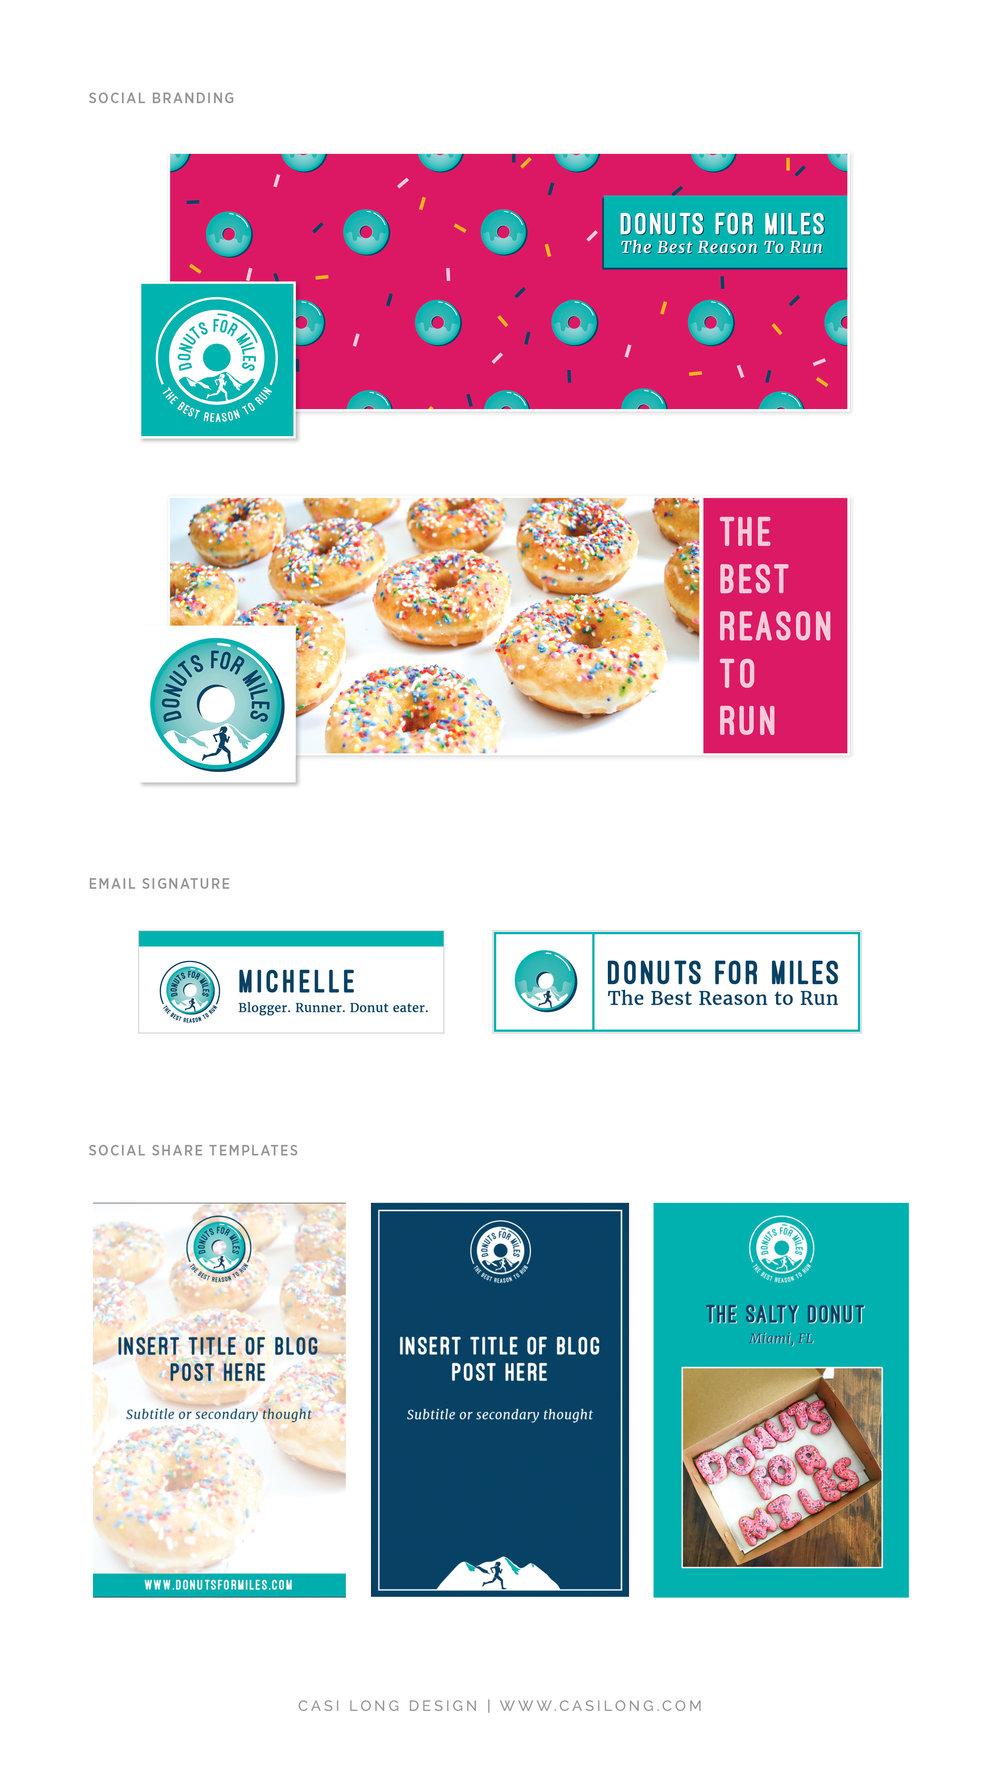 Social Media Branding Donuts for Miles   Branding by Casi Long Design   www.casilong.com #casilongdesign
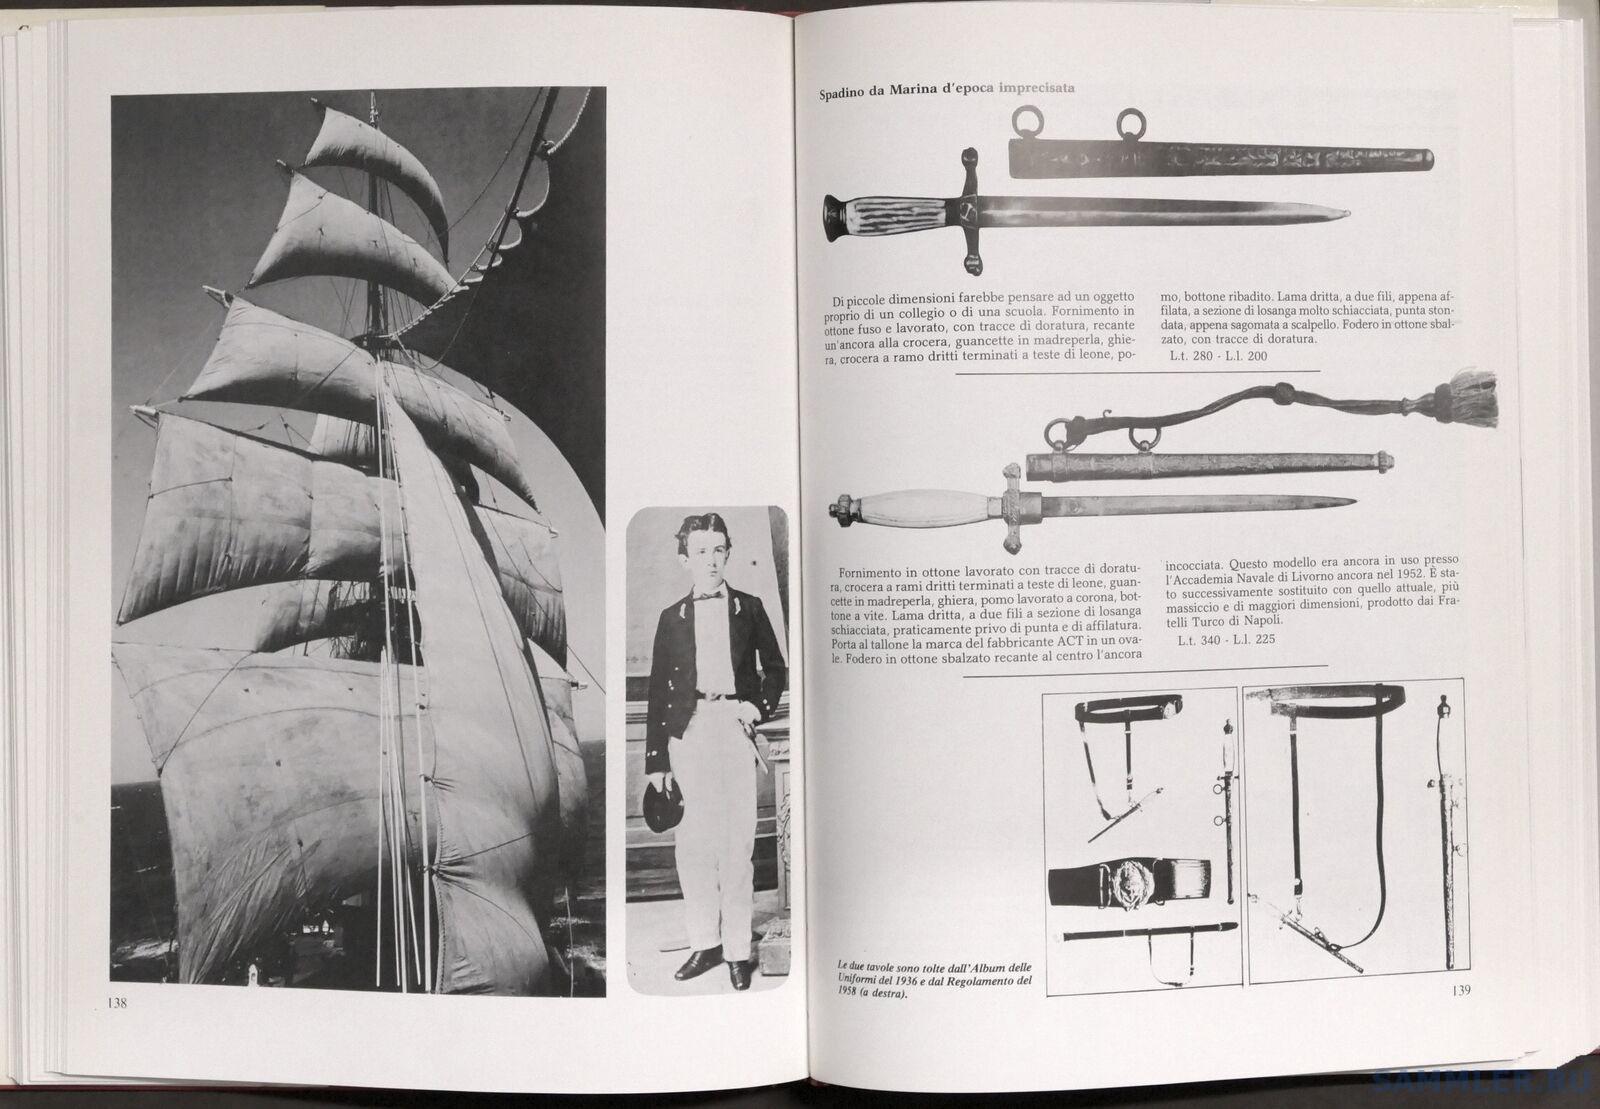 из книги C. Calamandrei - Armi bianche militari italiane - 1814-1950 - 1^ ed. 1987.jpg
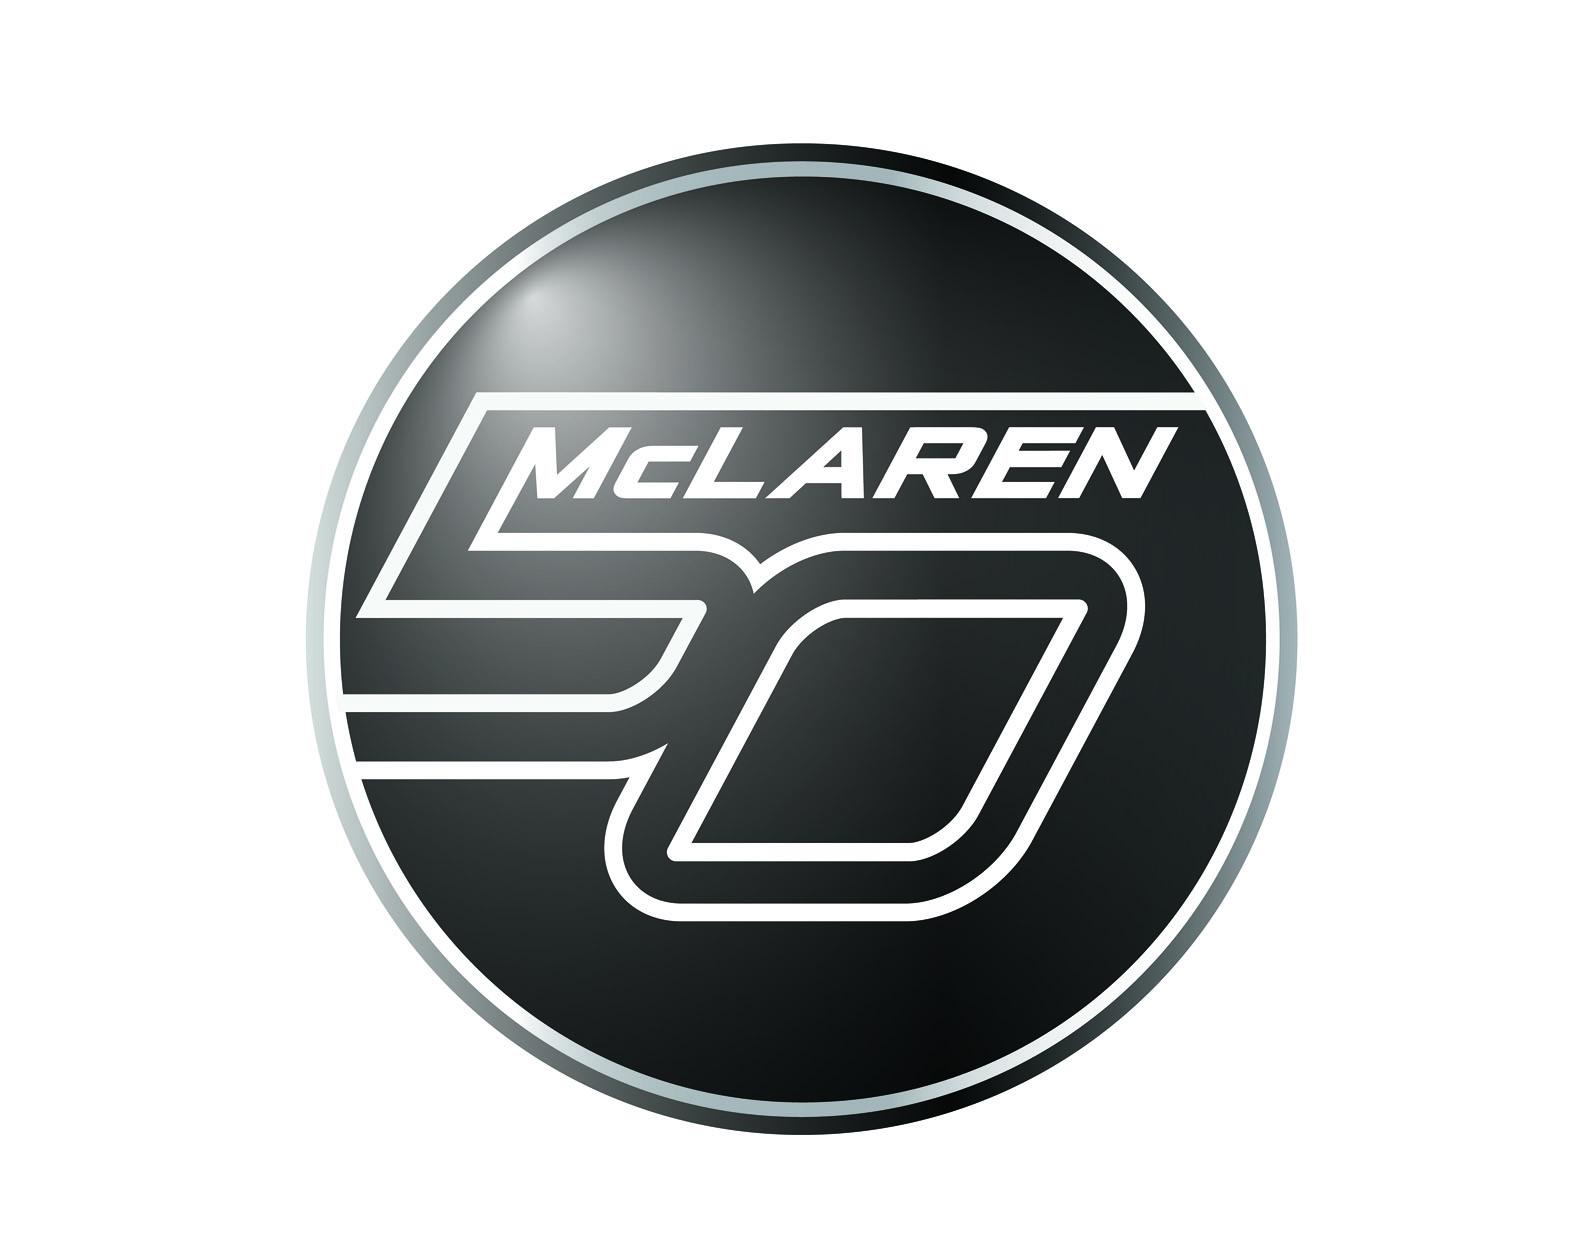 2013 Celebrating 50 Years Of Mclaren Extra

════════

| How to complete this task |
Give back the listing exactly, without a single picture.

| Reply to the exercise |
 Social Media Branding Donuts for Miles   Branding by Casi Long Design   www.casilong.com #casilongdesign
 из книги C. Calamandrei - Armi bianche militari italiane - 1814-1950 - 1^ ed. 1987.jpg
 2013 Celebrating 50 Years Of Mclaren Extra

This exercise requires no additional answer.